MICHAEL SCHMIDT, PLAINTIFF-APPELLANT,
v.
KATHLEEN MARY KEADY SCHMIDT, DEFENDANT-RESPONDENT.

Superior Court of New Jersey, Appellate Division.

Argued January 11, 1988.
Decided January 21, 1988.

*529 Before Judges J.H. COLEMAN, O'BRIEN and HAVEY.

Ronald M. Fraioli argued the cause for appellant.

Melvin R. Solomon argued the cause for respondent.

J.H. COLEMAN, P.J.A.D.

In this international child custody case the issue is whether a West Germany court or a New Jersey court should decide which parent should have custody of a young child. The trial judge held that the issue should be decided in New Jersey. We now affirm.

The facts essential to our decision are not in dispute. Plaintiff and defendant were married on October 12, 1984 in West Germany. Plaintiff is a citizen of West Germany and defendant is an American citizen. While residing in West Germany defendant was employed on a United States Army base in Stuttgart. On January 12, 1985 Oliver Michael, who is the child involved in this appeal, was born to the couple. Oliver has dual citizenship.

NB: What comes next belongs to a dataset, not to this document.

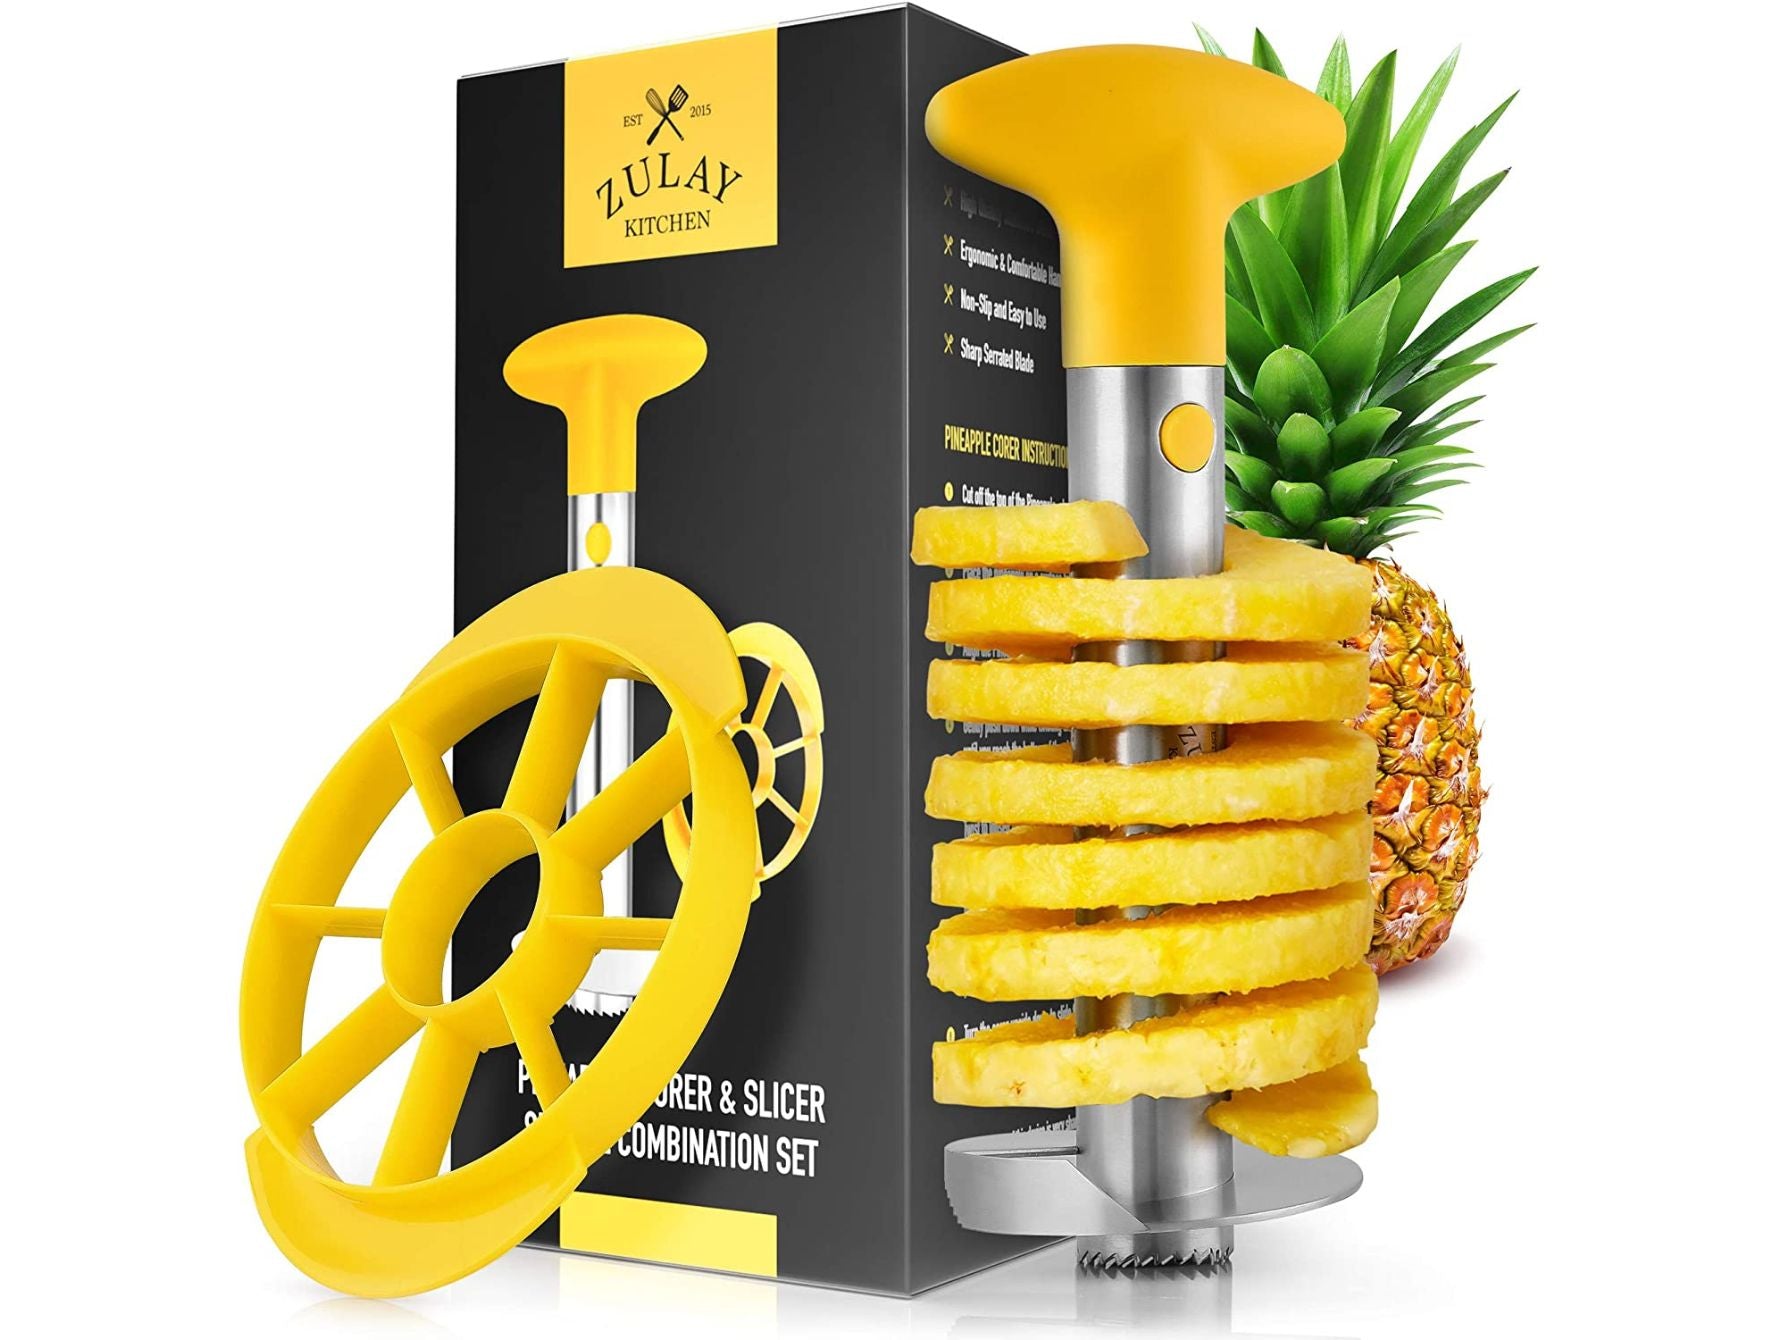 Pineapple Corer and Slicer Tool Set

On May 12, 1986, without prior notice to the plaintiff, defendant left West Germany with Oliver. She left apparently because of marital difficulties. She returned to her parents' home in Ramsey, New Jersey. Defendant and Oliver have resided in Ramsey since May 12, 1986. On May 13, 1986 plaintiff obtained an ex parte order from the District Court of Stuttgart, Division of Family Matters, which granted plaintiff custody of Oliver pending a full hearing. On May 14, 1986 defendant called plaintiff from her parents' home, notifying him that she and Oliver were there. On June 27, 1986 plaintiff obtained another ex parte order from the same court in Germany ordering *530 defendant to return Oliver to plaintiff. Defendant did not follow the mandate of either German order.

In early August 1986 plaintiff came to the United States seeking custody. On August 4, 1986 he filed a verified complaint seeking enforcement of the May 13, and June 27, 1986 orders issued by the West Germany court. Plaintiff obtained an order to show cause which was returnable on August 5, 1986. The parties appeared before Judge Sorkow and presented argument on that date.

During the August 5 hearing, the judge indicated he was dismissing the order to show cause because the only relief sought by plaintiff was enforcement of the invalid orders from Germany. Counsel for plaintiff responded by saying that he could amend the prayer for relief in the verified complaint "if the court wants, in pen and ink." Plaintiff's counsel then stated:

The plaintiff is looking for some type of speedy resolution to this matter.... Just ask the court's assistance, [if] it could advise me as to how we might proceed in order.
* * * * * * * *
You [Judge Sorkow] mentioned a motion regarding forum non-convenience?
The Court: Well, you're going to say that the case should be tried in Germany.
Mr. Fraioli: Yeah.
The Court: I would make a motion in this court returnable next motion day, perhaps on short notice.
* * * * * * * *
And you would be able to raise argument that one might normally hear under the UCCJA, improper taking and so forth, and you would have to meet that as to what was wrong with the child being in Germany.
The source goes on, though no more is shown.